Take the lines below from the one with "Christmas Tree Acrylic" through the one with "NoXx Geschikt Voor" and print only them, exactly. Don't print the pictures.

**Provided data**
>>>>

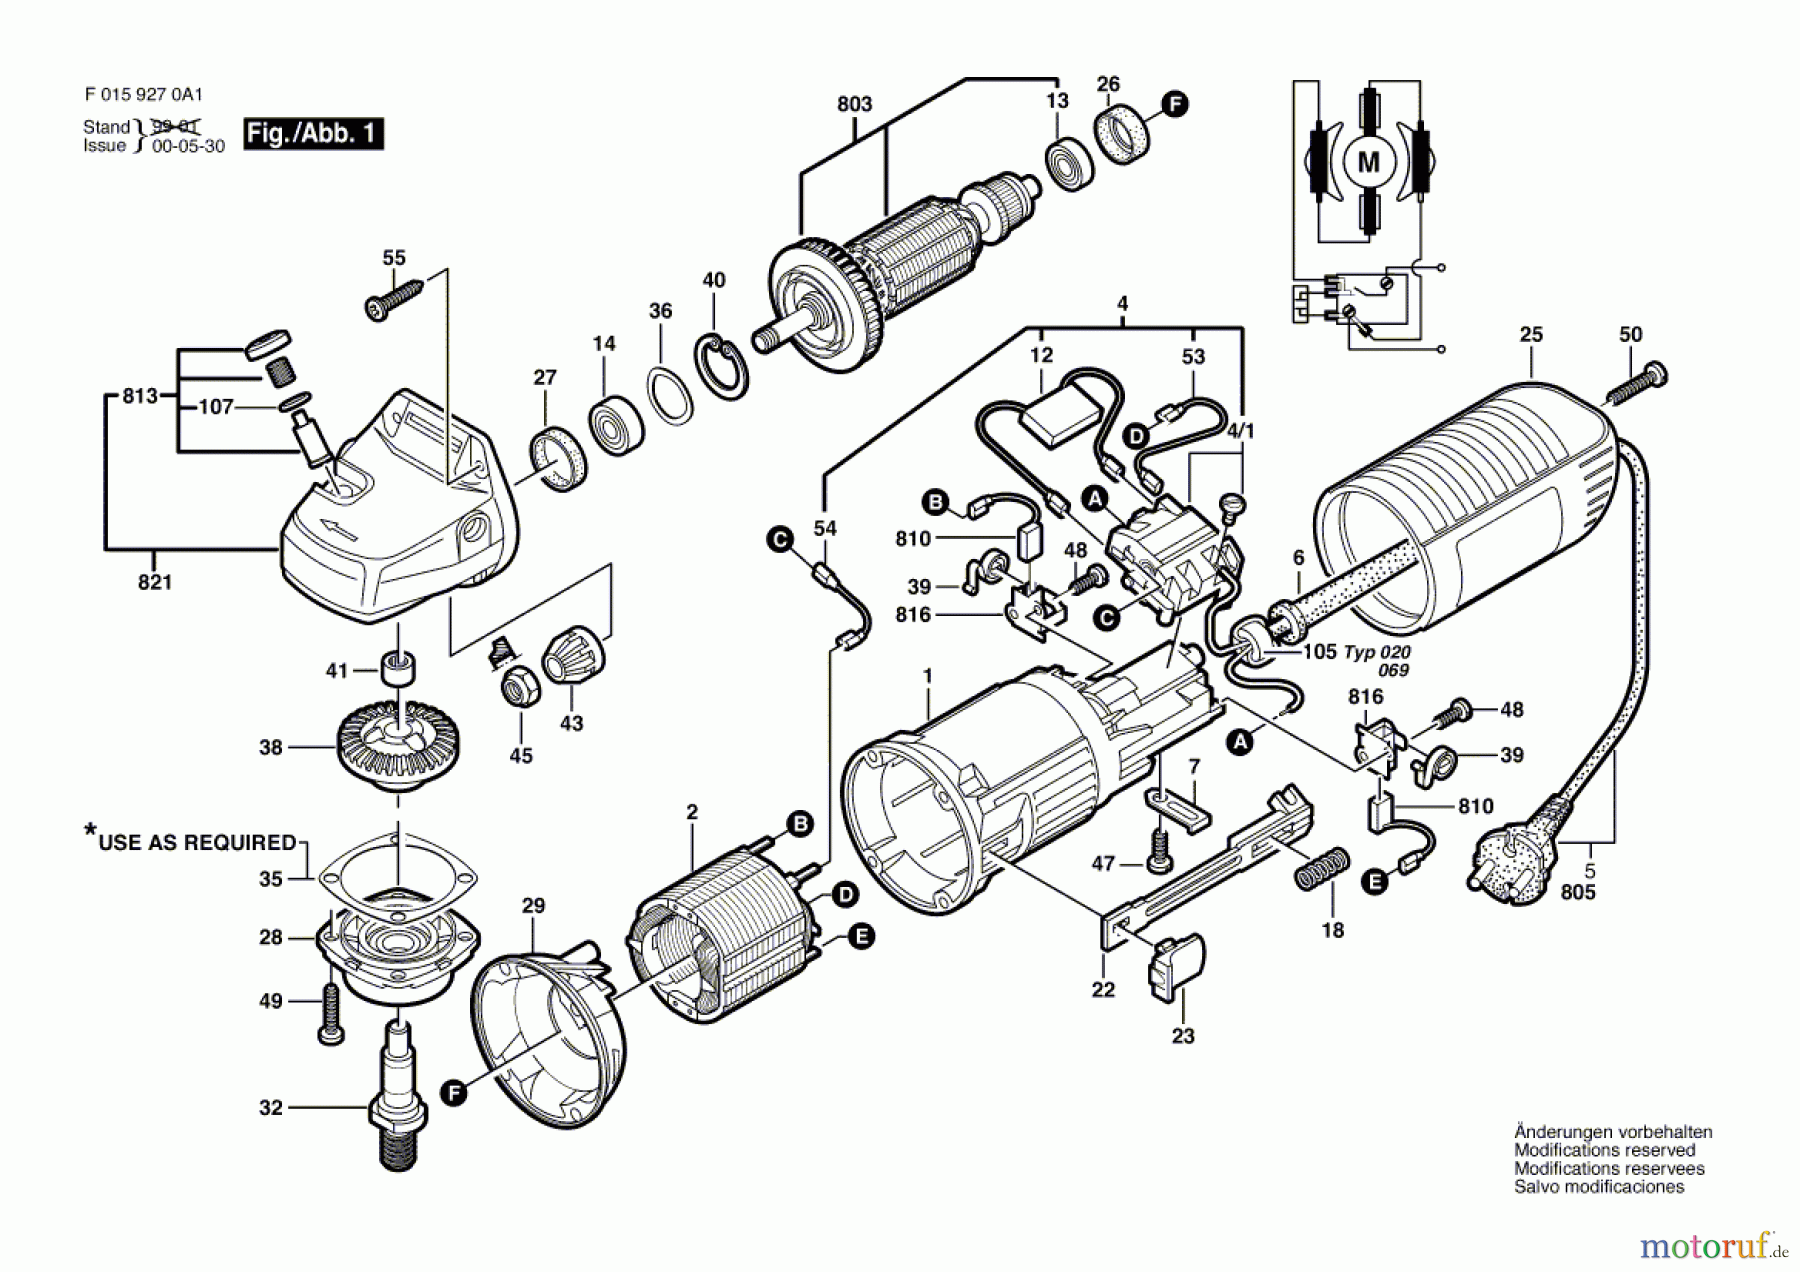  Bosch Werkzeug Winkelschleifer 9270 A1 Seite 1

<<<<
>>>>

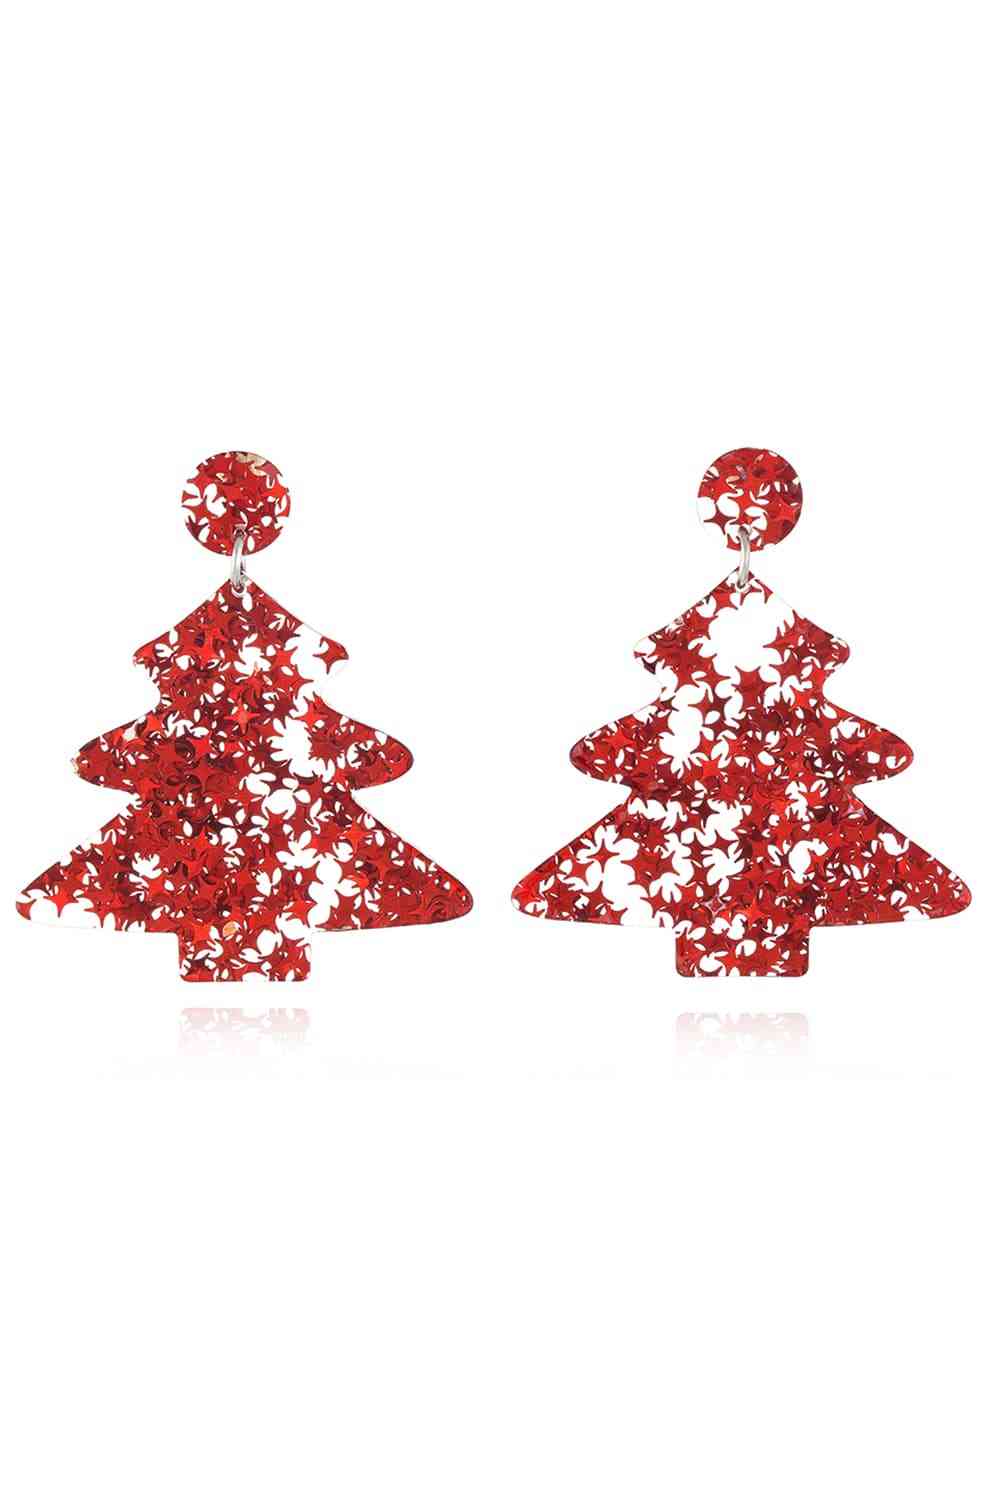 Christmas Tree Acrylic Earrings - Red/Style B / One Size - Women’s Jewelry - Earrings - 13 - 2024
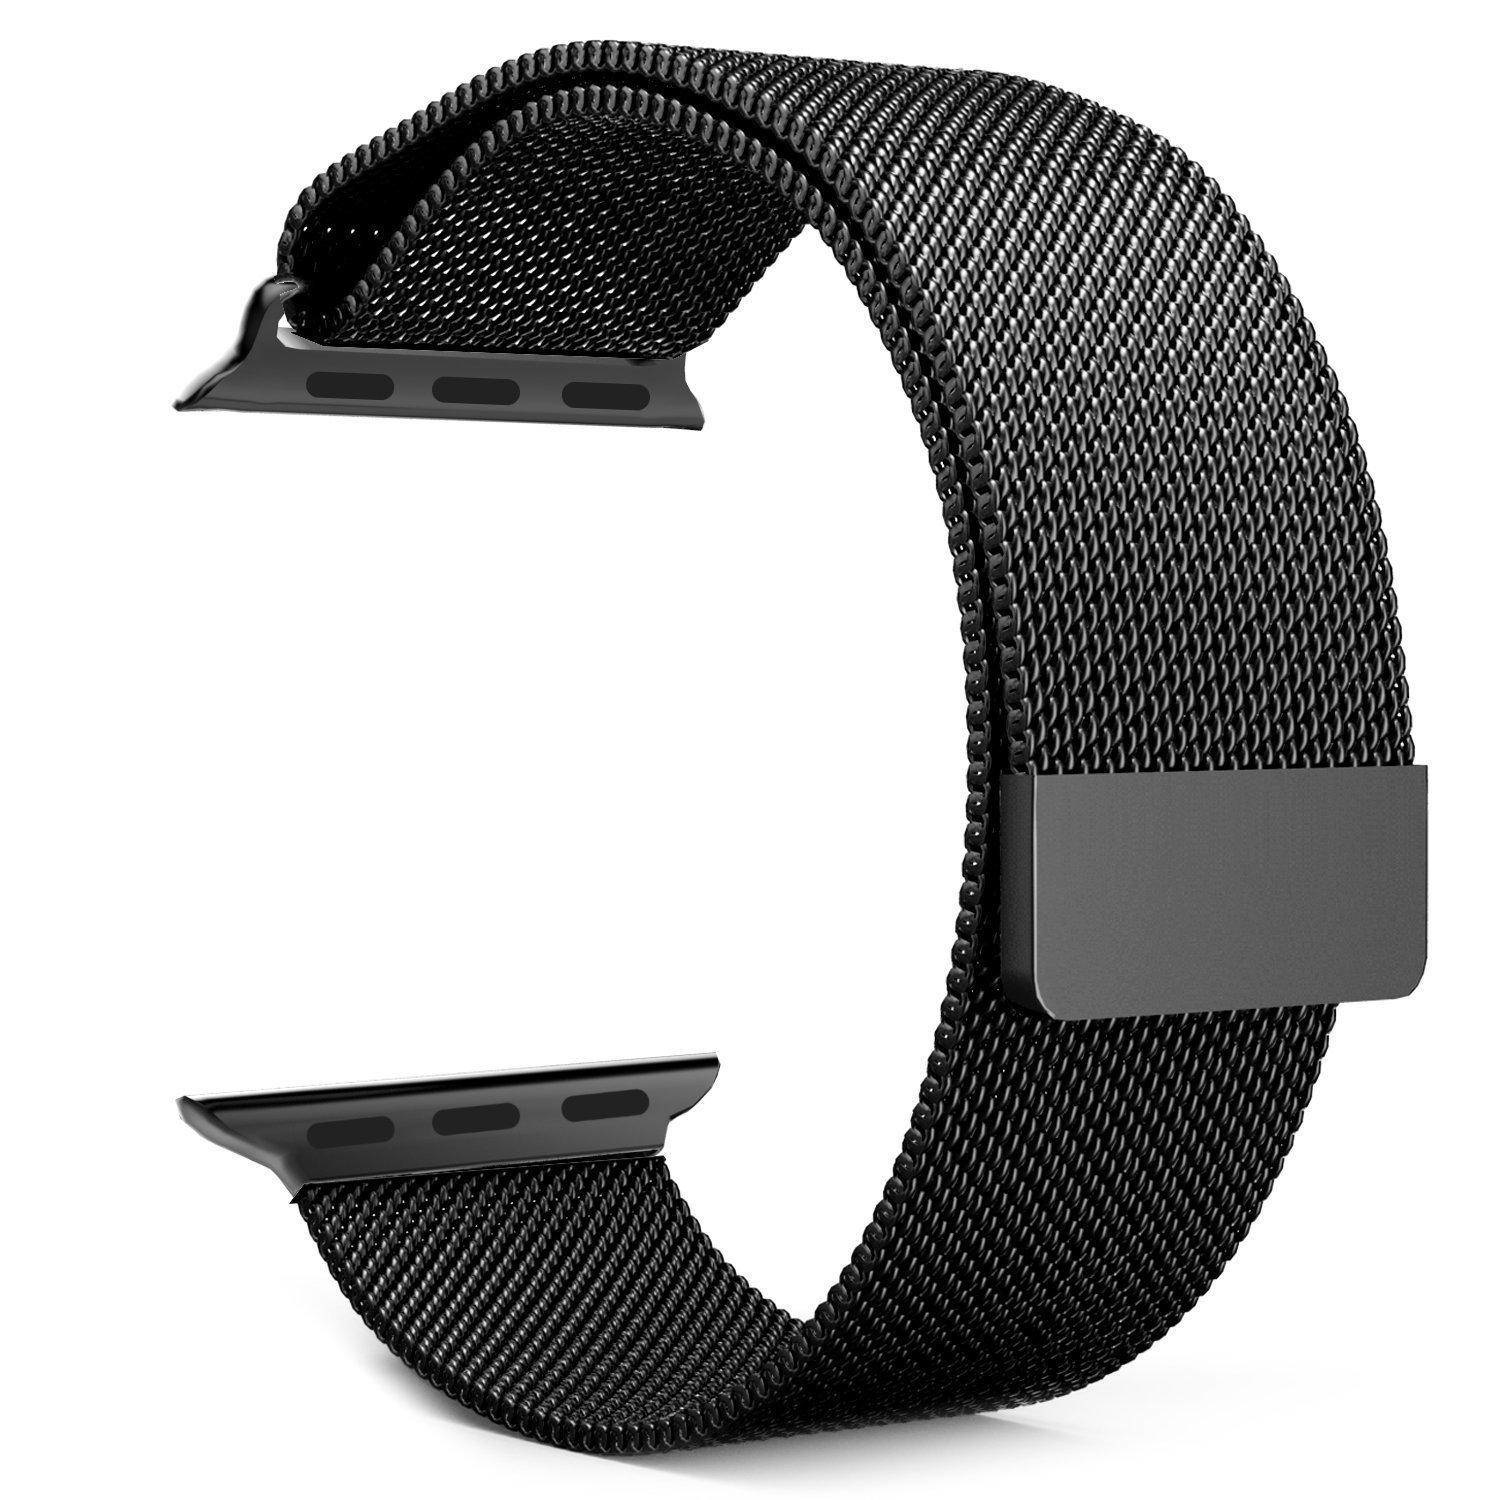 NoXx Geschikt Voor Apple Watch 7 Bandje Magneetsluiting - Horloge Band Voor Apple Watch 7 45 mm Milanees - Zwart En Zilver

<<<<
>>>>

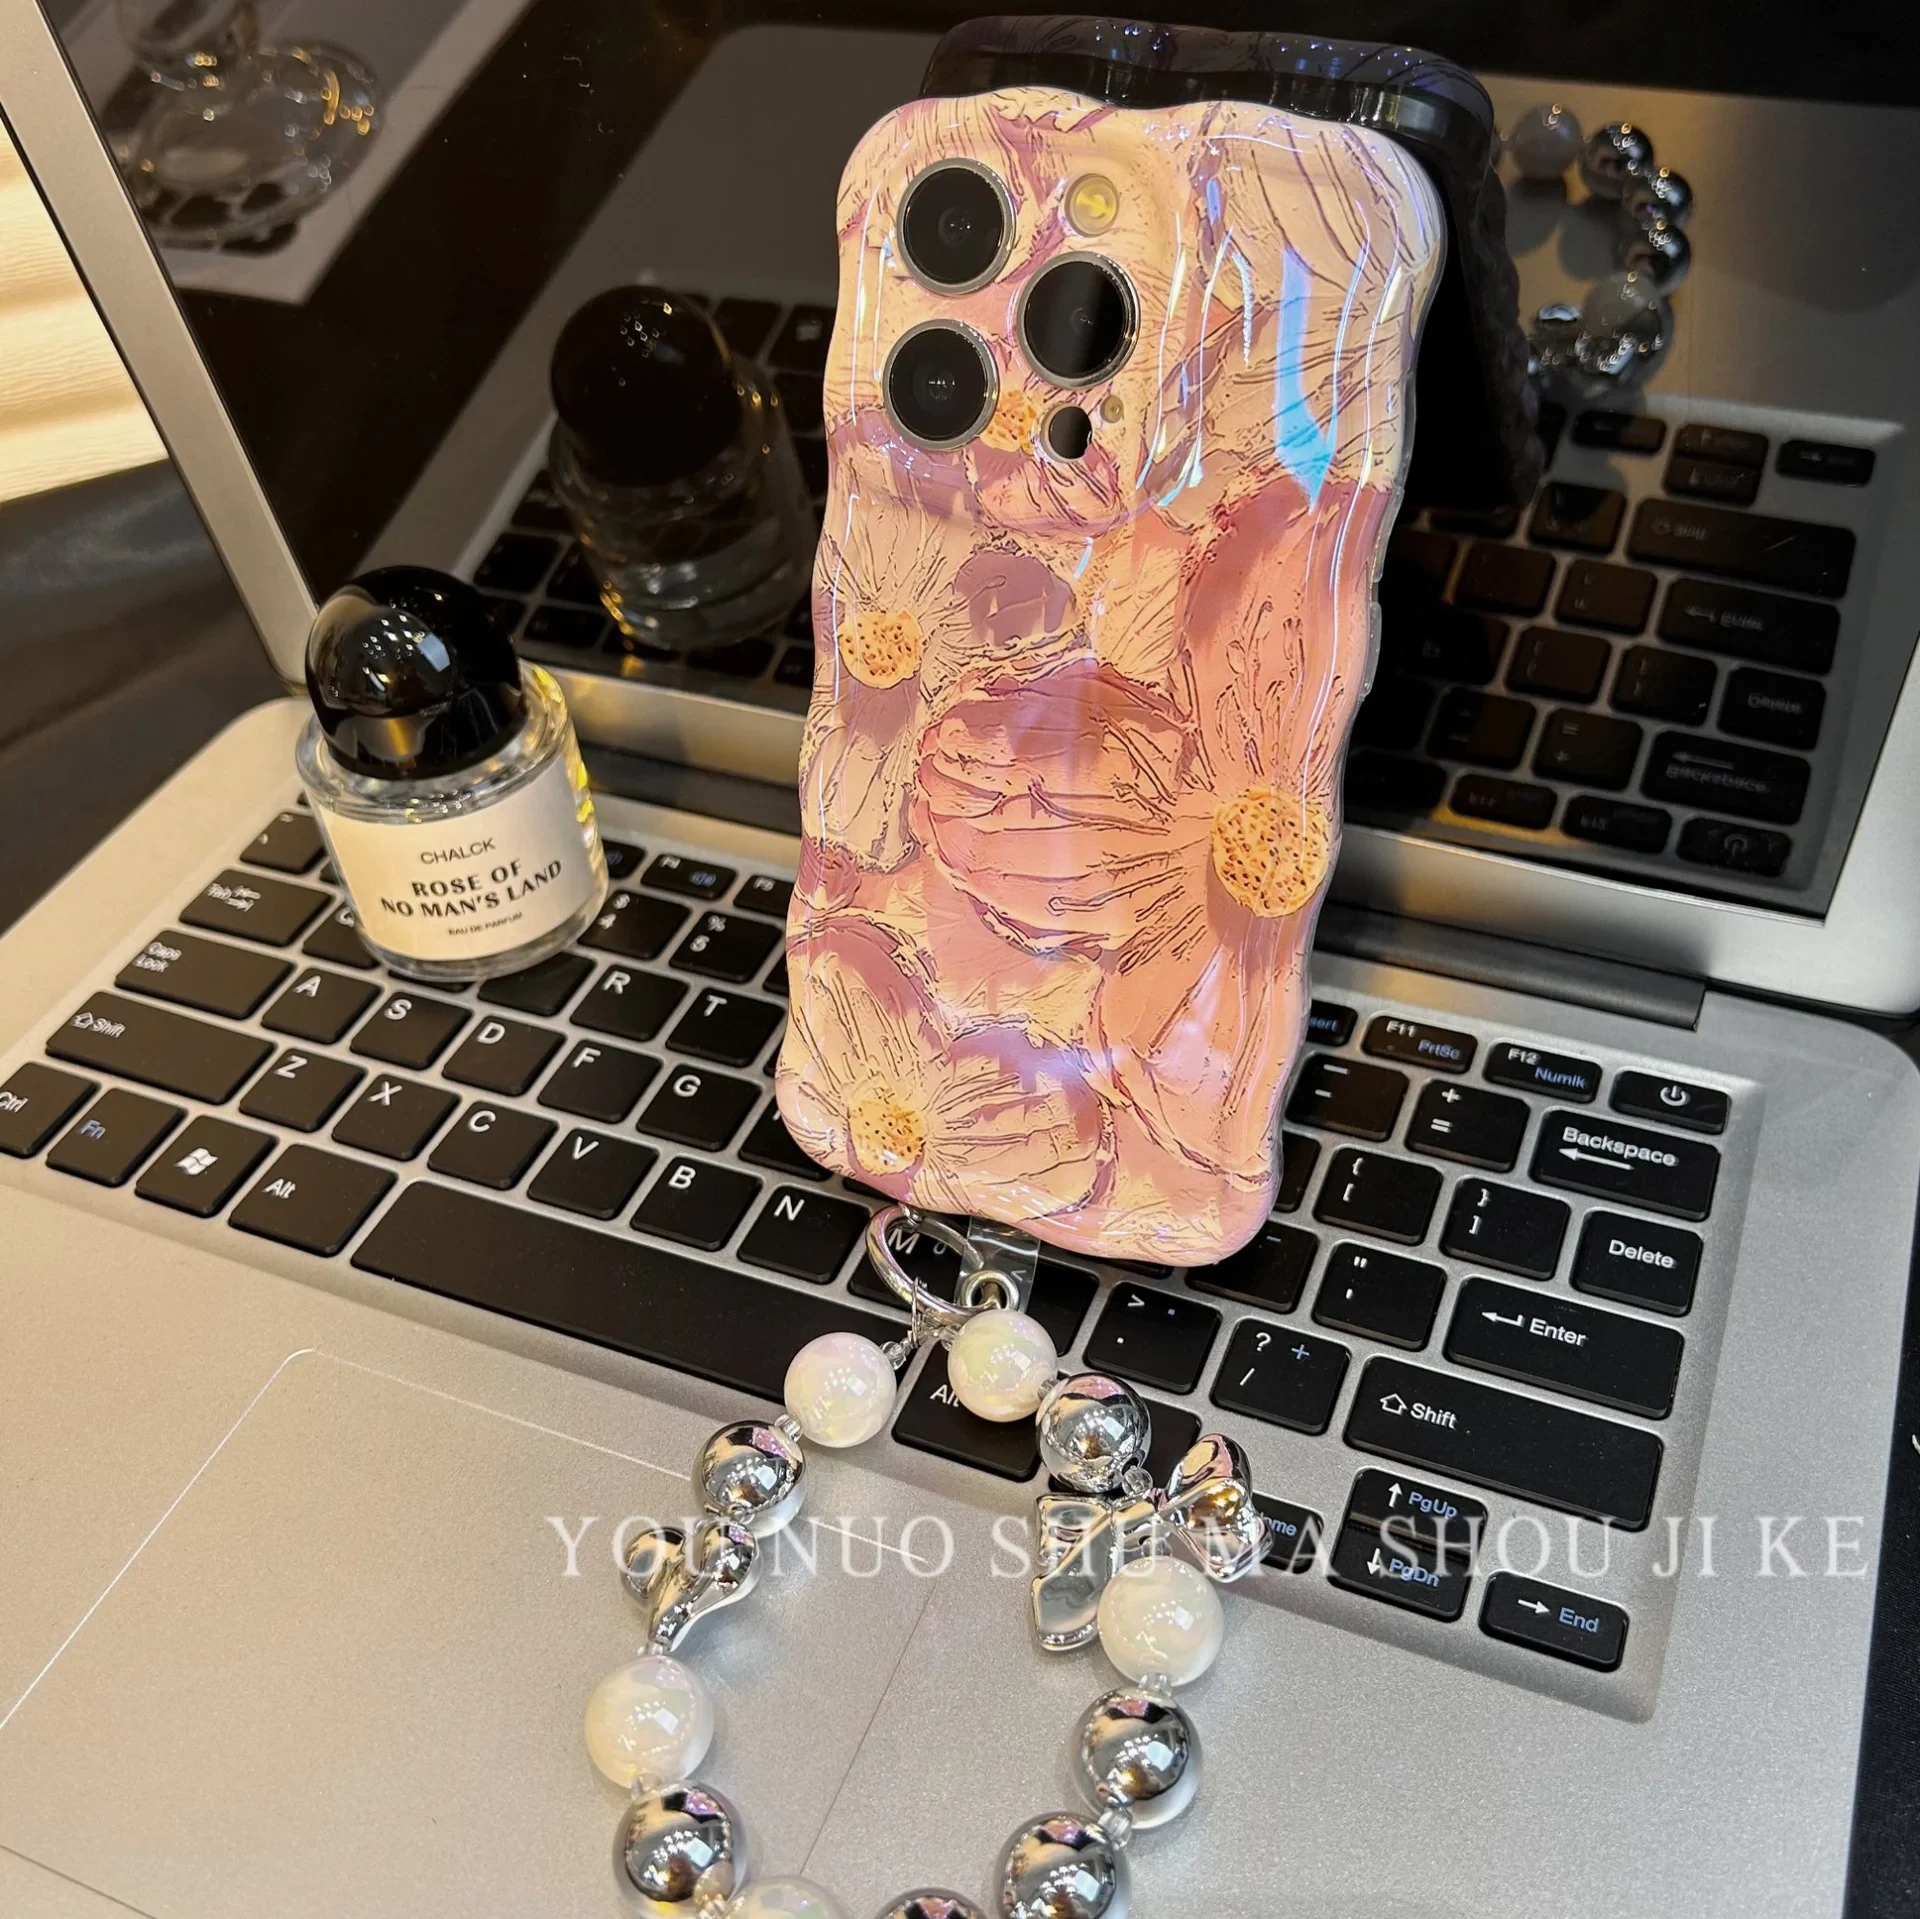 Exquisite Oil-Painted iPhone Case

<<<<

**Reply to the task**
 Christmas Tree Acrylic Earrings - Red/Style B / One Size - Women’s Jewelry - Earrings - 13 - 2024
 NoXx Geschikt Voor Apple Watch 7 Bandje Magneetsluiting - Horloge Band Voor Apple Watch 7 45 mm Milanees - Zwart En Zilver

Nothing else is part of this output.